Mod Karma -1: I sed bad wurds. If I cep my mouf shut, I wud be at riyses.
Actually, they've had _eight_ landers on Venus that survived touchdown, four of which transmitted images. The first lander to surivive, Venera 7 in 1970, was the first spacecraft to transmit data from the surface of another planet.
It is hard to compare achievements that took place on different planets, since the conditions could be very different. While it is clear that the modern US Mars rovers can indeed live up to the fame of Russian lunar rovers (although it took US quite some time and US rovers will aleways be seen as that "we can do it too" kind of thing), the Russian Venus landers sill remain unsurpassed.

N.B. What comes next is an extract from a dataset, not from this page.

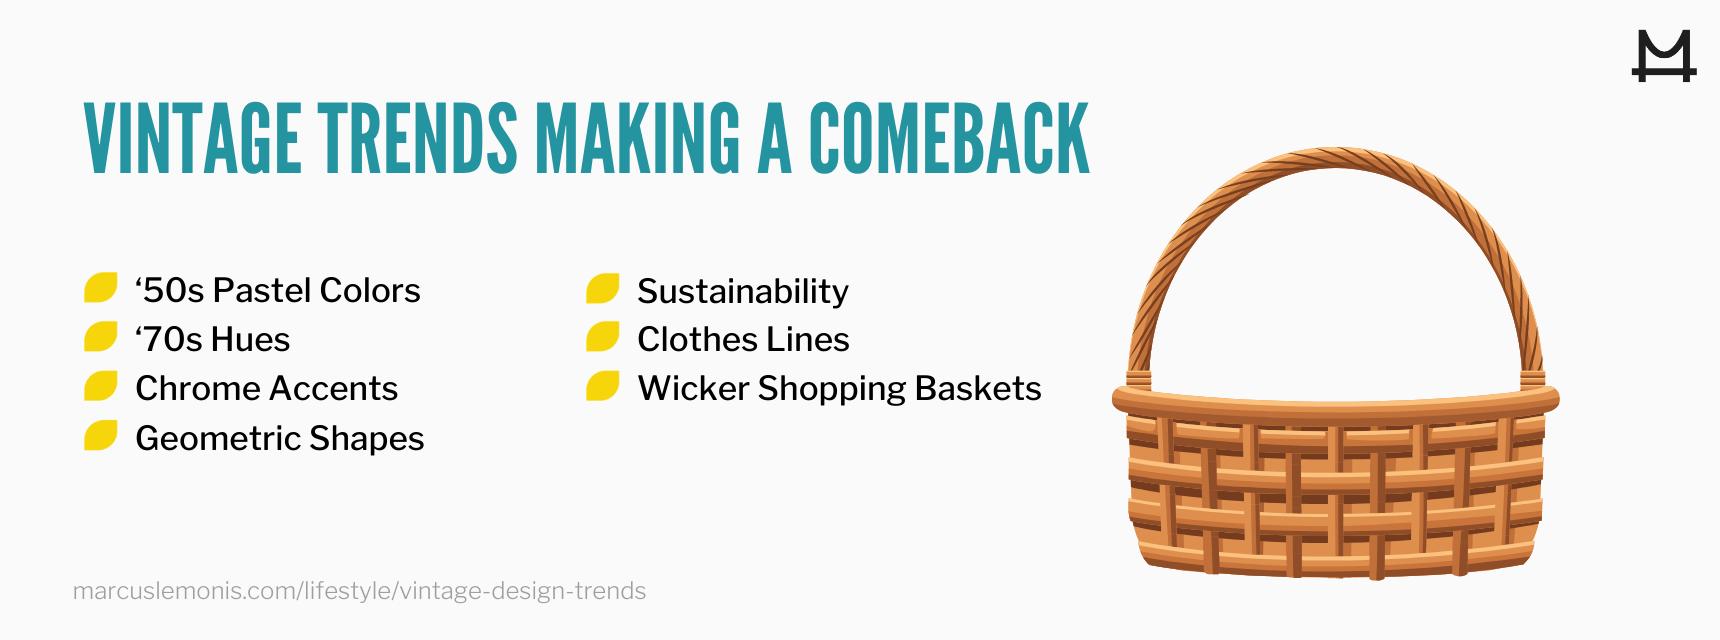 List of vintage trends making a comeback.

Too true. I'm now honestly expecting it to take at another hundred years or more before we have a permanent, self sustaining (almost) presence on another planet -- Mars. Yeah, we might send someone there, to visit, in my lifetime. The point was it has to be self sustaining. At that, I expect there will still be some things that have to be shipped from Earth, items which require some industrial capacity and difficult to obtain resources. It's a very hard problem which few people appreciate.

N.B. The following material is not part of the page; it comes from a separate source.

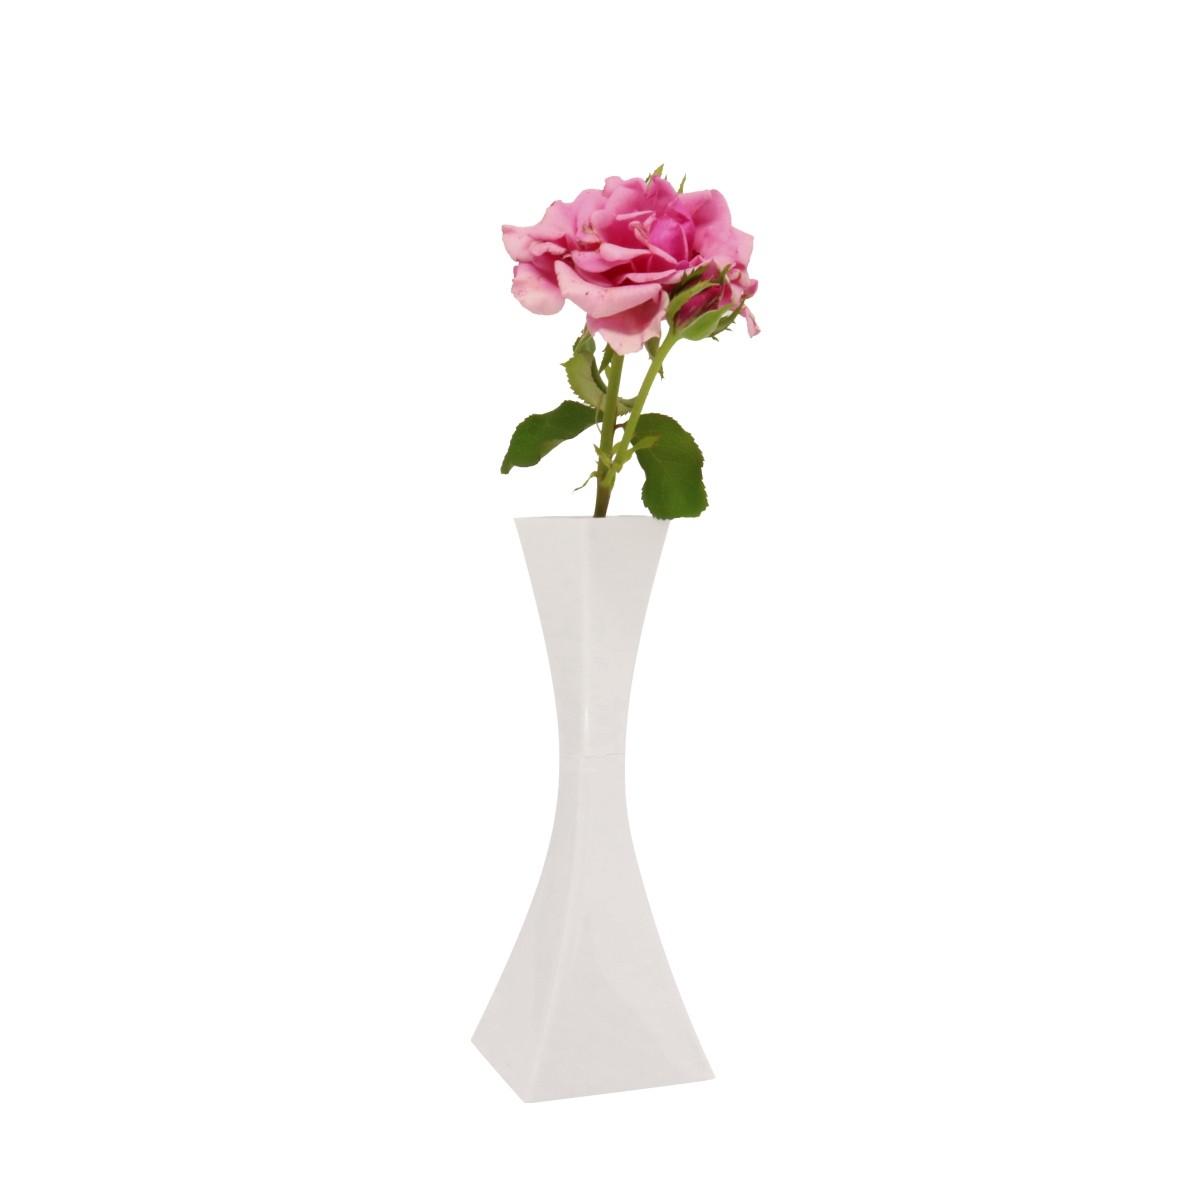 Vaso Solitário Branco 19,5cm x 4cm

Travelling to another star, long long LONG time from now. Assuming we don't kill ourselves off.
And they've slowed it down since then to check against digging oneself into a sand dune as they did for six weeks two years ago.
37 kilometers in eleven months in 1973. ABout three times further than Opportunity. Since computers werent that great in those days, it was operated in real time with two-second delay controller. Mars can have time lag up to 30 minutes.
The 2008 lander left earth Aug 3 for a polar region landing May 25, 2008. Surpisingly it is still solar powered, though the solar intensity is much low at that latitude. It doesnt move, but digs deep into the permafrost. It is a replacement for craft that crashed due to the meter-feet mixup.
The 2009 rover is nuclear powered. Its the size of a minivan and considered too large for solar power. Its also too large for an airbag landing like the last three rovers, so it has retro rockets.
But missions to Uranus and Neptune did happen... regardless of when they did happen.
The technical difficulties of trying to get to those two planets in particular is enough of a challenge that even getting there in the first place was a huge accomplishment at the time... and the fact that the U.S. Congress has cut NASA funding so significantly that it is currently impossible with the current NASA budget, unless you cut manned spaceflight entirely, to organize and set up any kind of major Voyager/Cassini/Galileo type of mission. Congressional support simply isn't there.
And for those blind sighted types who push for the elimination of manned spaceflight in favor of robotic missions, I would like to point out that by cutting the manned spaceflight missions, that is all you would accomplish. Congress simply will not expand robotic missions unless a manned mission requirement is pushing the hard-core need to send more robotic missions "out there". Manned spaceflight drives robotic missions.... in terms of congressional funding, not the other way around. Eliminating manned spaceflight would eliminate all government spending on spaceflight of any kind.
Sorry, but the when was very important. The circumstances that allowed Voyager 2 to travel to Uranus and Neptune only happen once every 176 years.
http://en.wikipedia.org/wiki/Planetary_Grand_Tour
The mission extension to the two outer planets only took place because of a lucky coincidence.